All 102 strains of MRSA were multi-resistant strains, impervious to more than five antimicrobials. The most resistant group of strains resisted nine or ten of them. The results of multi-drug resistance testing are shown in Fig. 1. Summarising them by bird type, broiler and laying hen strains’ multi-drug resistance was relatively serious, with all resisting eight or more drugs, and the proportions of strains resisting nine or more were as high as 91.43% and 97.77%, respectively, while waterfowl strains’ multi-drug resistance was significantly lower at 77.27%.

Fig. 1.

Spa, MLST, and SCCmec typing results. According to MLST, spa, and SCCmec typing, there were six types in the 102 MRSA strains, among which ST9-t899-SCCmecIVb was the most prevalent, accounting for 70.59% of resistant strains overall. Another strain which was notably prevalent was ST9-t899-SCCmecIII. The six phenotypes were distributed in the different poultry farms as follows: from laying hens no strains other than ST9-t899 were isolated, from broilers two strains of ST9-t1939-SCCmecIVb and one strain of ST398-t1250-SCCmecIII were yielded, and from waterfowl one strain of ST398-t034-SCCmecV and one strain of ST398-t034-SCCmecIII were identified (Table 2).

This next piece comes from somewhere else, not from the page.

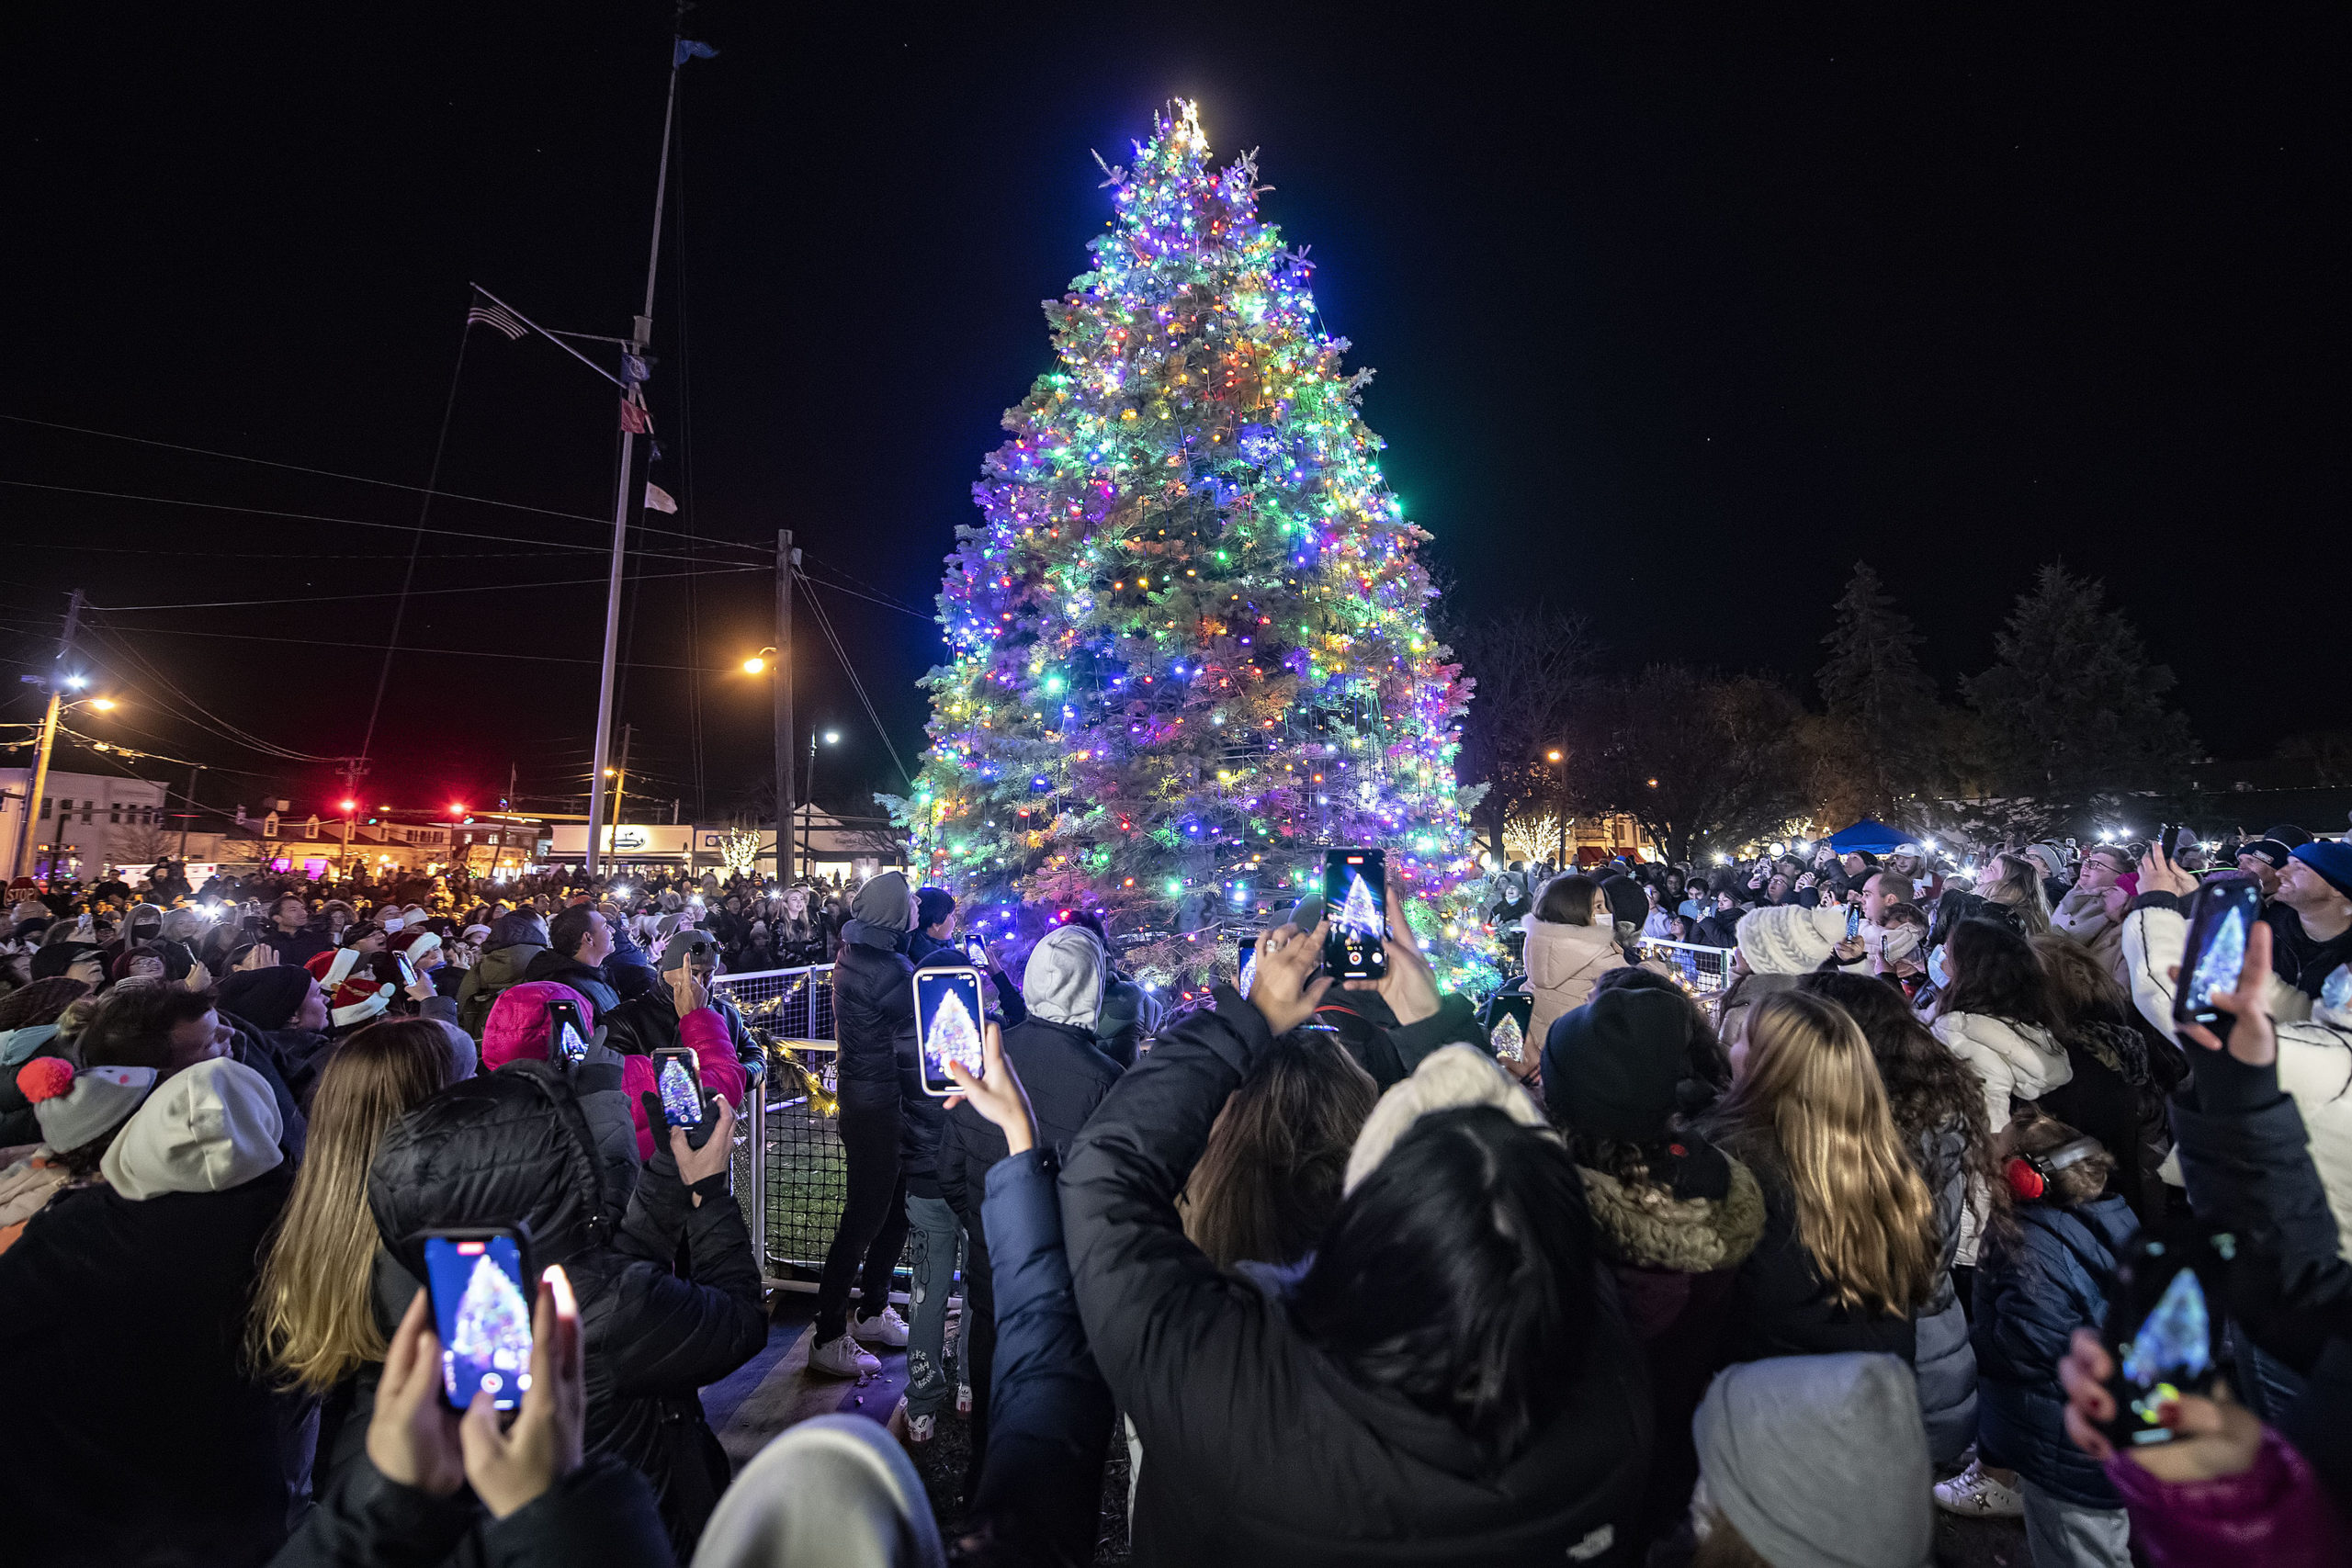 The crowd reacts as the lights come on during the Christmas Tree Lighting Ceremony in Agawam Park on Saturday night.  MICHAEL HELLER

MRSA core genome evolutionary tree analysis. The phylogenetic tree was drawn including the whole-genome sequencing results of 30 strains and is mainly divided into three evolutionary branches, among which the one closest to the root node and with the largest number of strains is for ST9-t899, including seven strains of broiler origin, eight strains of laying hen origin and five strains of waterfowl origin. Particularly close relationships emerged between SAEQ21019 and SABQ21009, SAEQ21020 and SAEQ21021, and SAEQ21008 and SAWQ21024. The branch farthest from the root node contained only two MRSA strains of waterfowl origin, SAWQ21001 and SAWQ21023, which were also highly related to each other and both of ST398-t034 type. The other branch containing four broiler-derived and four laying hen-derived MRSA strains was closer to the root node, with seven strains of ST9-t899 and one strain of ST398-t1250 (Fig. 1).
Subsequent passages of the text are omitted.